Some examples of how lab results can have error:

Interferences – The HAMA interference from the previous blog is just one example of an interference and can occur on assays other than hCG.

Known bias  – Example: PSA values can differ by 22% on average depending on the manufacturer. This is due to how the assay is standardized. Say one’s PSA value was 3.3 as assayed by manufacturer ABC. If next year the assay value remained at 3.3 by manufacturer ABC, but a different manufacturer were used (that had this 22% different standardization), the reported value would be 4.0 on average. Actually, taking into account the ~5% CV of these assays, 95% of the time the value would be between 3.2 and 4.8 (e.g., half the time greater than 4). Unless questioned, this might lead to a biopsy. Often, the manufacturer is not listed on the lab report. To find this out, one must call the lab.

Problems with newer tests – Molecular testing with arrays is the newest type of testing. A recent article (subscription required for full article) showed that the reproducibility was often greater than 30% CV. If one translates this to a glucose test with a true value of 100 mg/dL, 95% of the time, values would be between 40 and 160 mg/dL! Another report showed that different generations of probe sets often had close to 0 correlation. Back to glucose, this is equivalent to running a method comparison between a newer and older machine and getting random scatter rather than a typical result of a correlation > 0.9.

Other problems – There are many other potential problems that would give an error such as a patient sample mix-up, an undetected instrument error, sample pretreatment problems, and so on.

When to question lab tests – In principle, any lab test could be questioned, although this could be (is) impractical. Moreover, the above problems will be unknown to patients not familiar with laboratory medicine and even people who are familiar with error causes may be unaware that an error has occurred.

Two scenarios are suggested to question lab tests:

  • Before a treatment is started, especially a treatment with risks such as surgery
  • If symptoms persist and a lab test was negative

How to question lab tests – Unfortunately, simply repeating a lab test will not always help. It depends on the error source. If the error source is random, then simply repeating the test will help. If the error source is not random, such as caused by an interference, then repeating the test by the same procedure in the same lab will not help. In situations with HAMA interference, part of the problem was that serial measurements gave the same wrong answers which prompted clinicians to continue (the wrong) treatment.
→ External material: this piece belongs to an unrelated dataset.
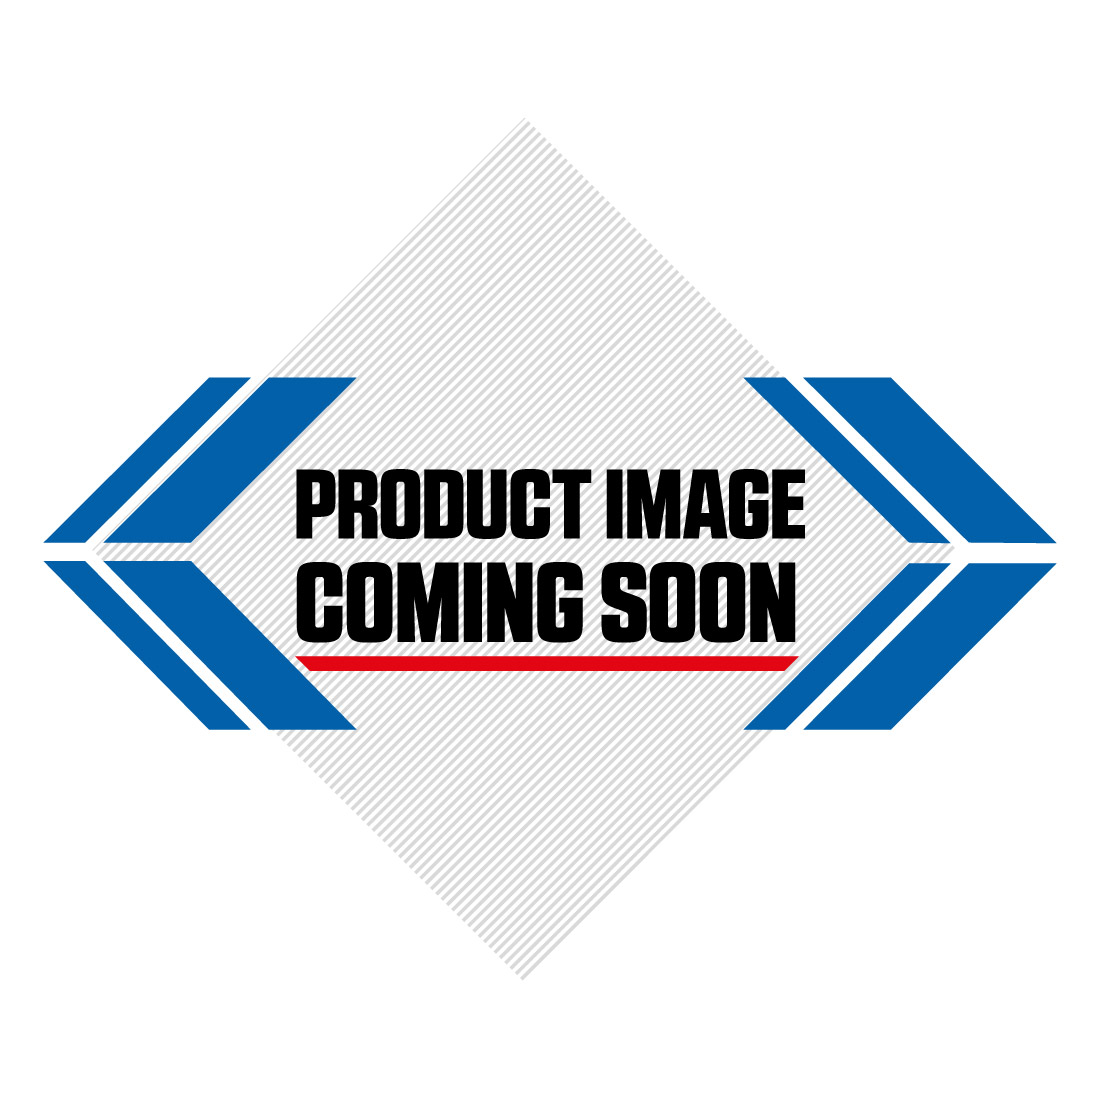 UFO Suzuki Radiator louvers RMZ 250 (19-20) OEM Factory Image-1>

The safest way then is to request a test to be repeated by a different laboratory and preferably a reference laboratory, if one exists for that assay.

And remember – A wrong lab test is a rare event – whereas a result is worth questioning, the likelihood that a lab test is wrong is extremely low.

NO MEDICAL ADVICE: Material appearing here represents opinions offered by non-medically-trained laypersons. Comments shown here should NEVER be interpreted as specific medical advice and must be used only as background information when consulting with a qualified medical professional.